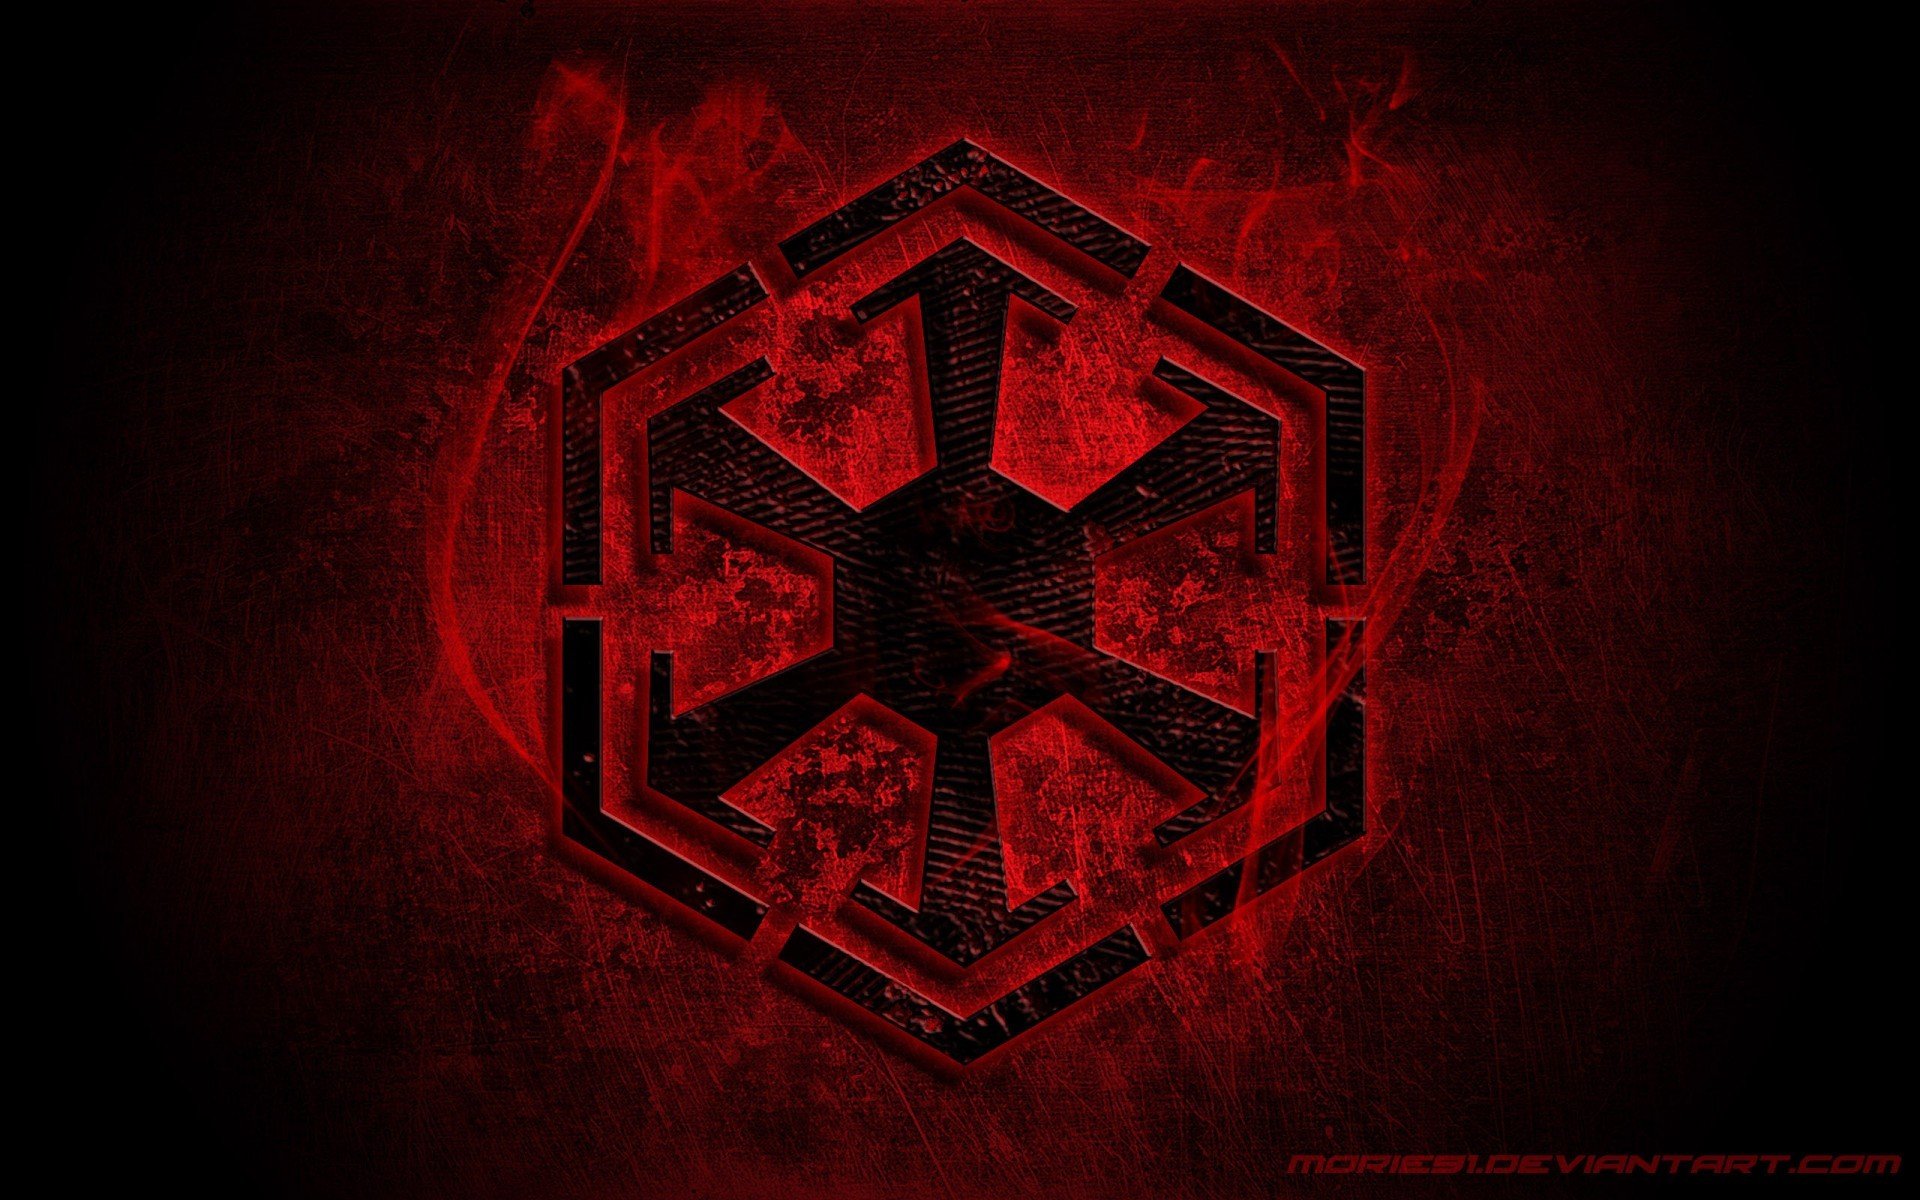 Star wars the old republic Sith logo wallpaper 1920x1200 1920x1200
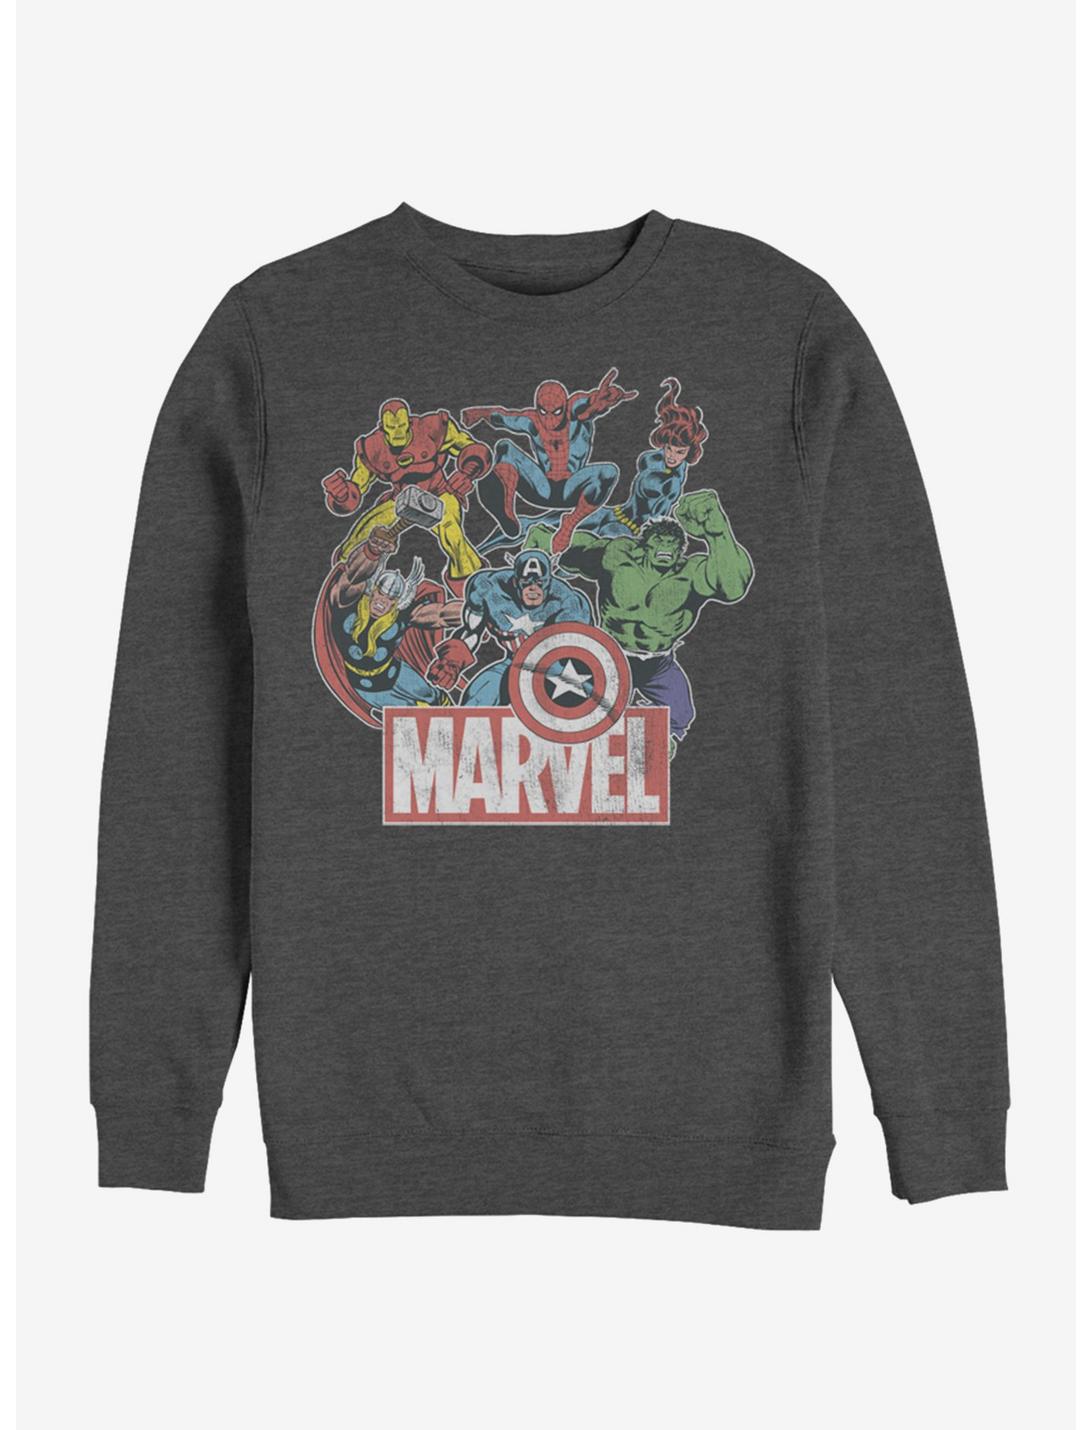 Marvel Heroes of Today Sweatshirt, CHAR HTR, hi-res
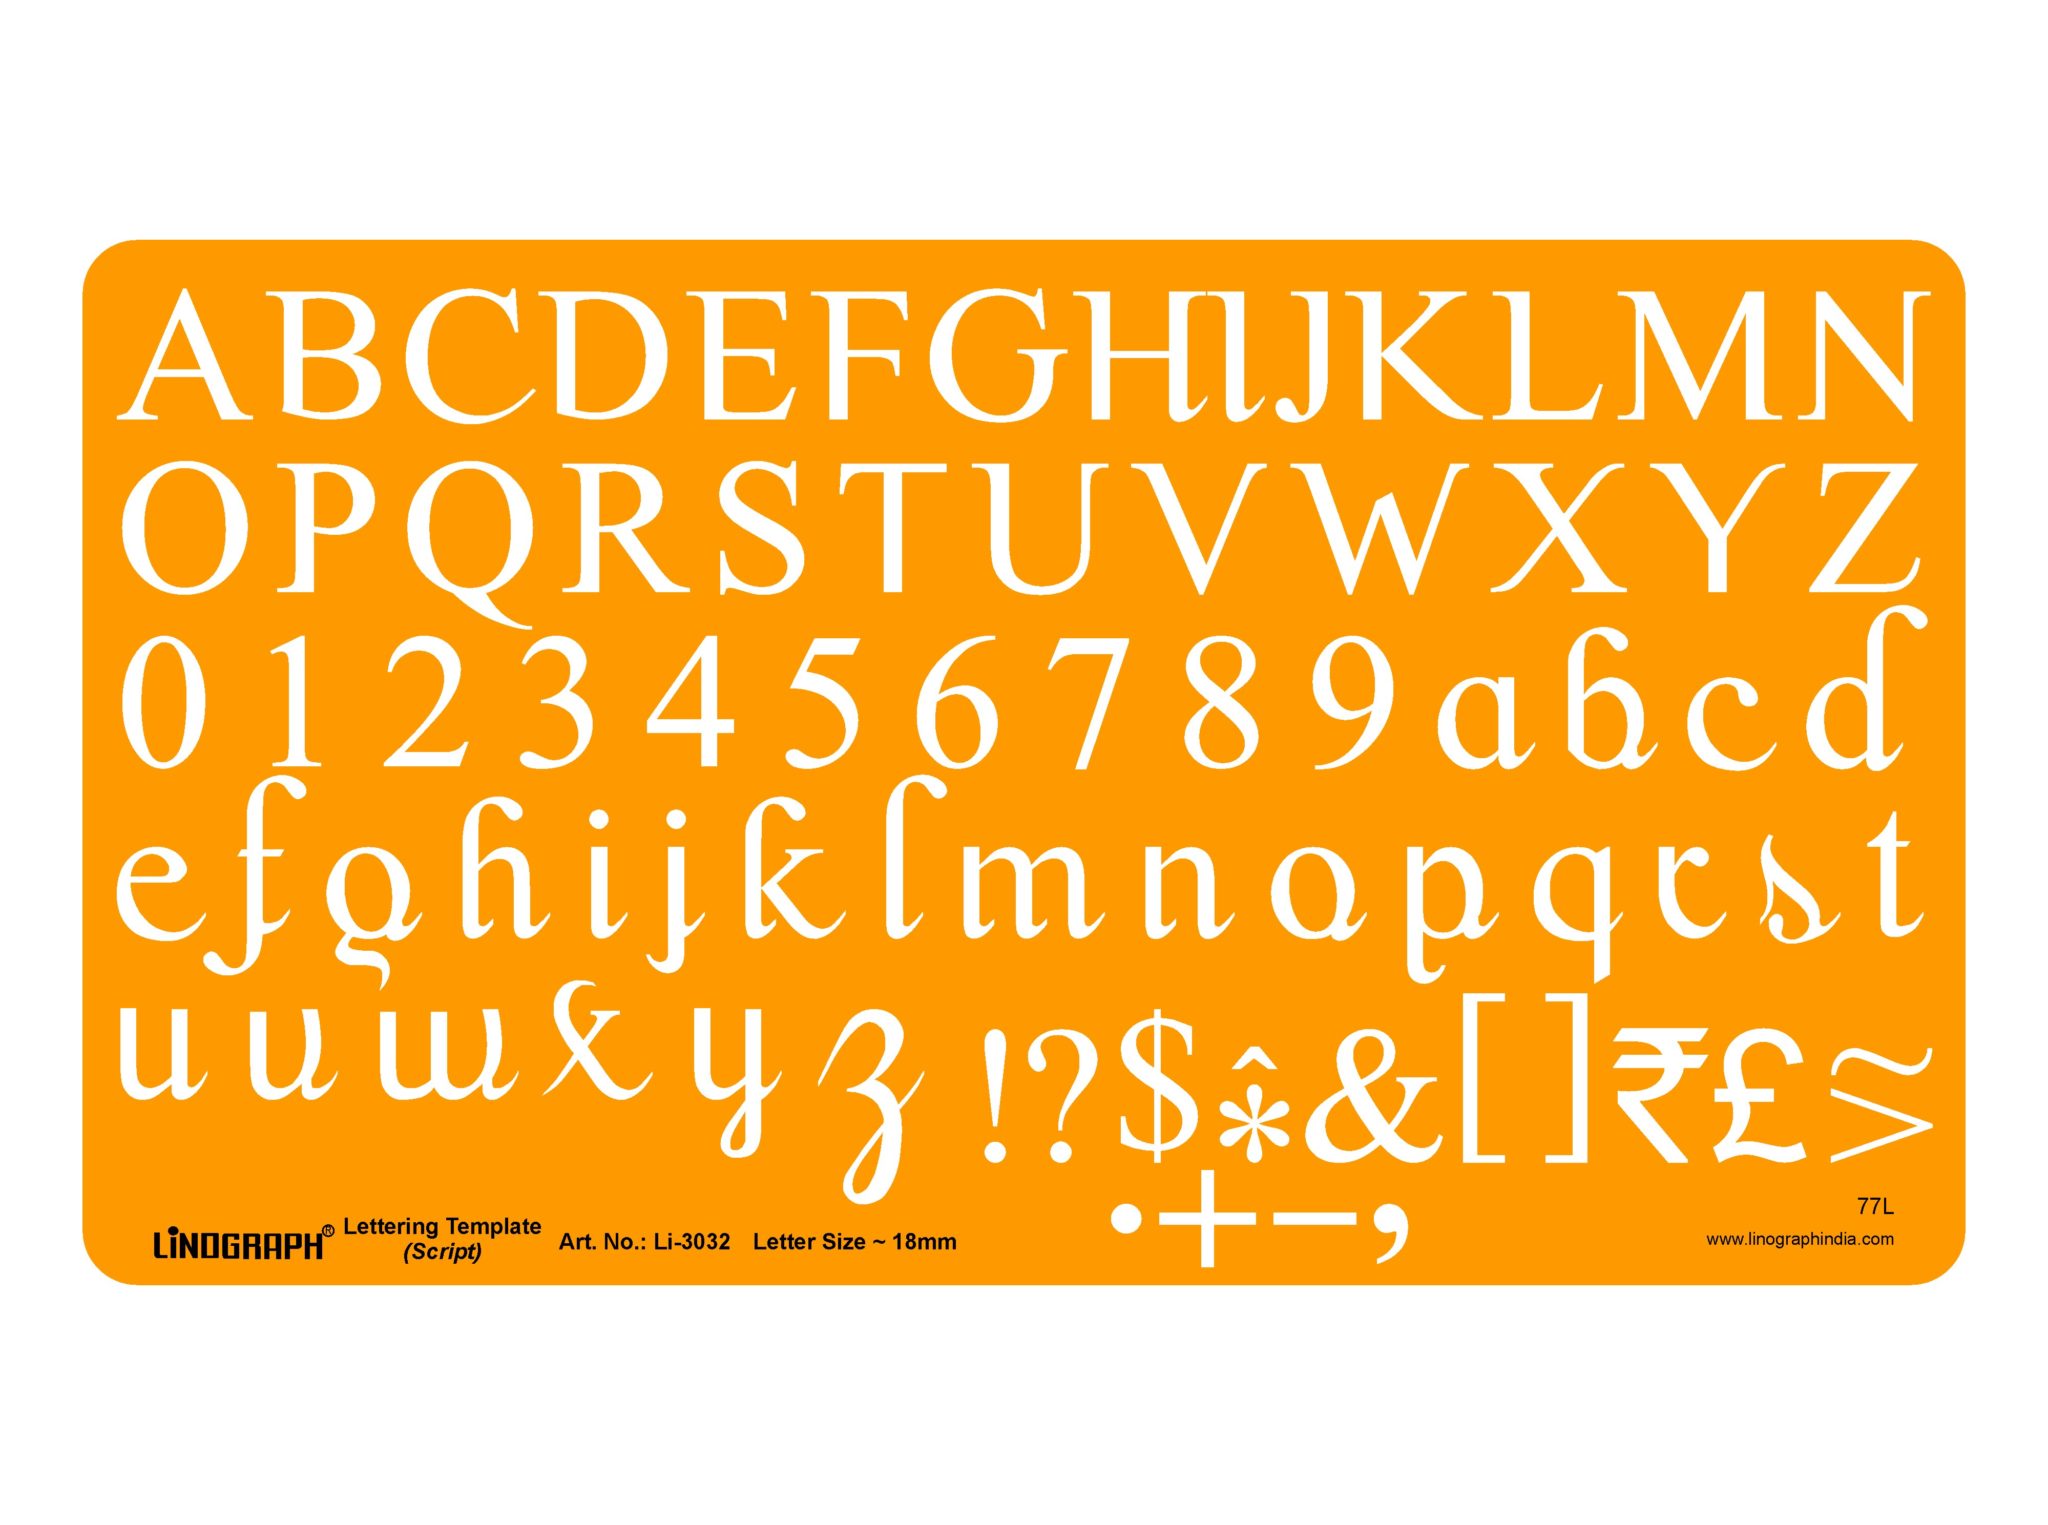 Li 3032 Lettering Template (Script) Letter Size ~ 18mm
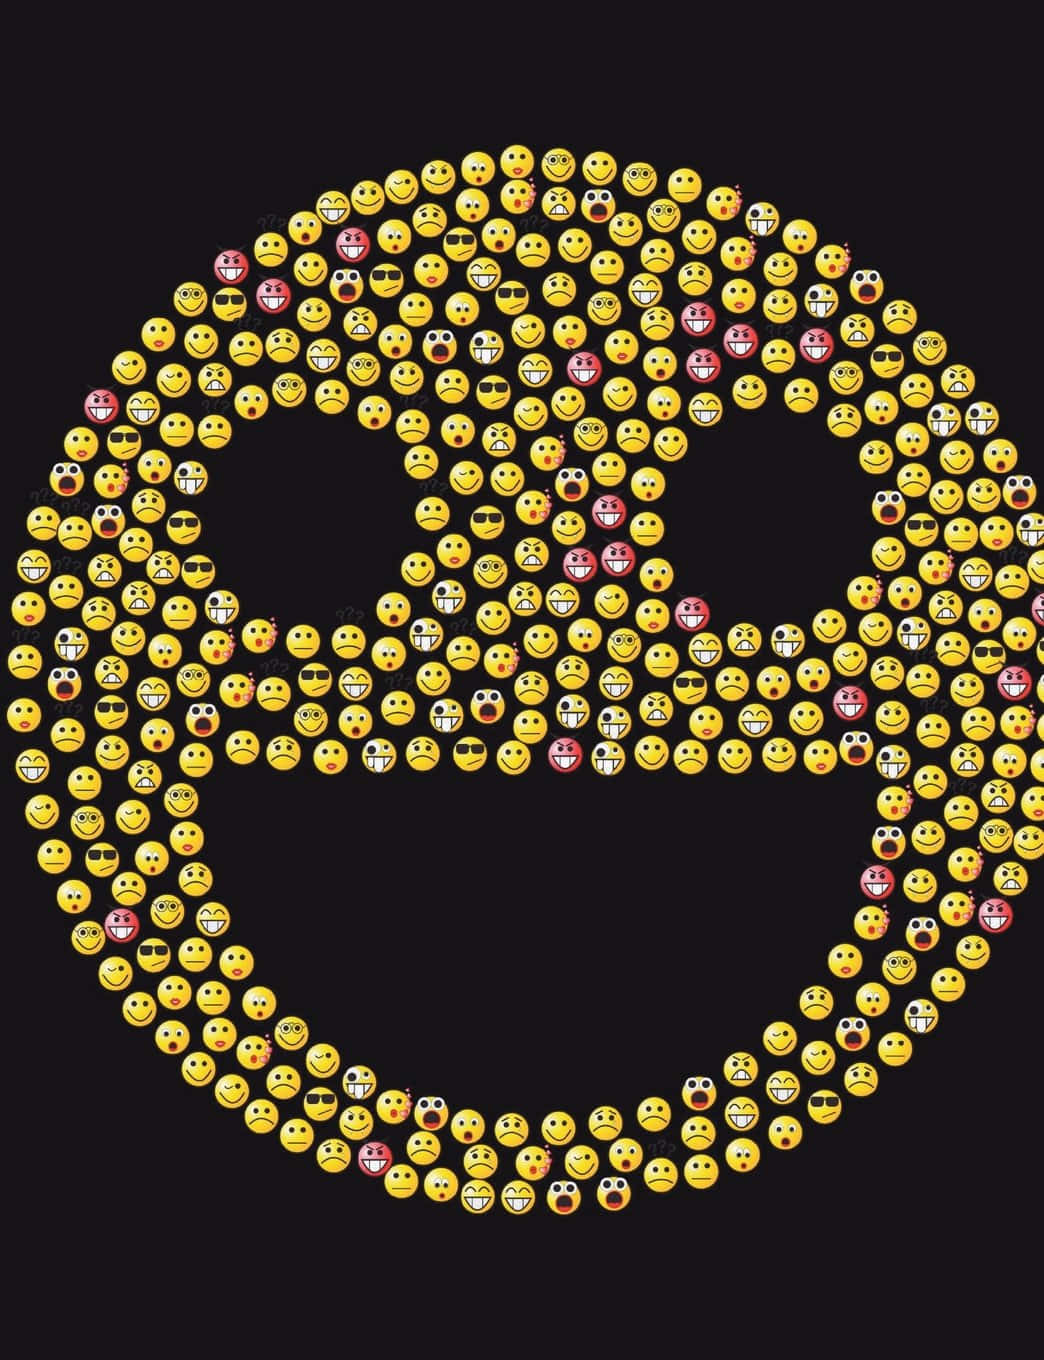 Free Black Smile Wallpaper Downloads, [100+] Black Smile Wallpapers for  FREE

= = =

▸ **TASK REQUIREMENTS**
Transcribe word for word only the lines from the one with "Marvel Heroes of" through the end of the listing; every picture is to be omitted.

▸ **RESULT OF THIS TASK**
 Marvel Heroes of Today Sweatshirt, CHAR HTR, hi-res
 Li 3032 Lettering Template (Script) Letter Size ~ 18mm
 Free Black Smile Wallpaper Downloads, [100+] Black Smile Wallpapers for  FREE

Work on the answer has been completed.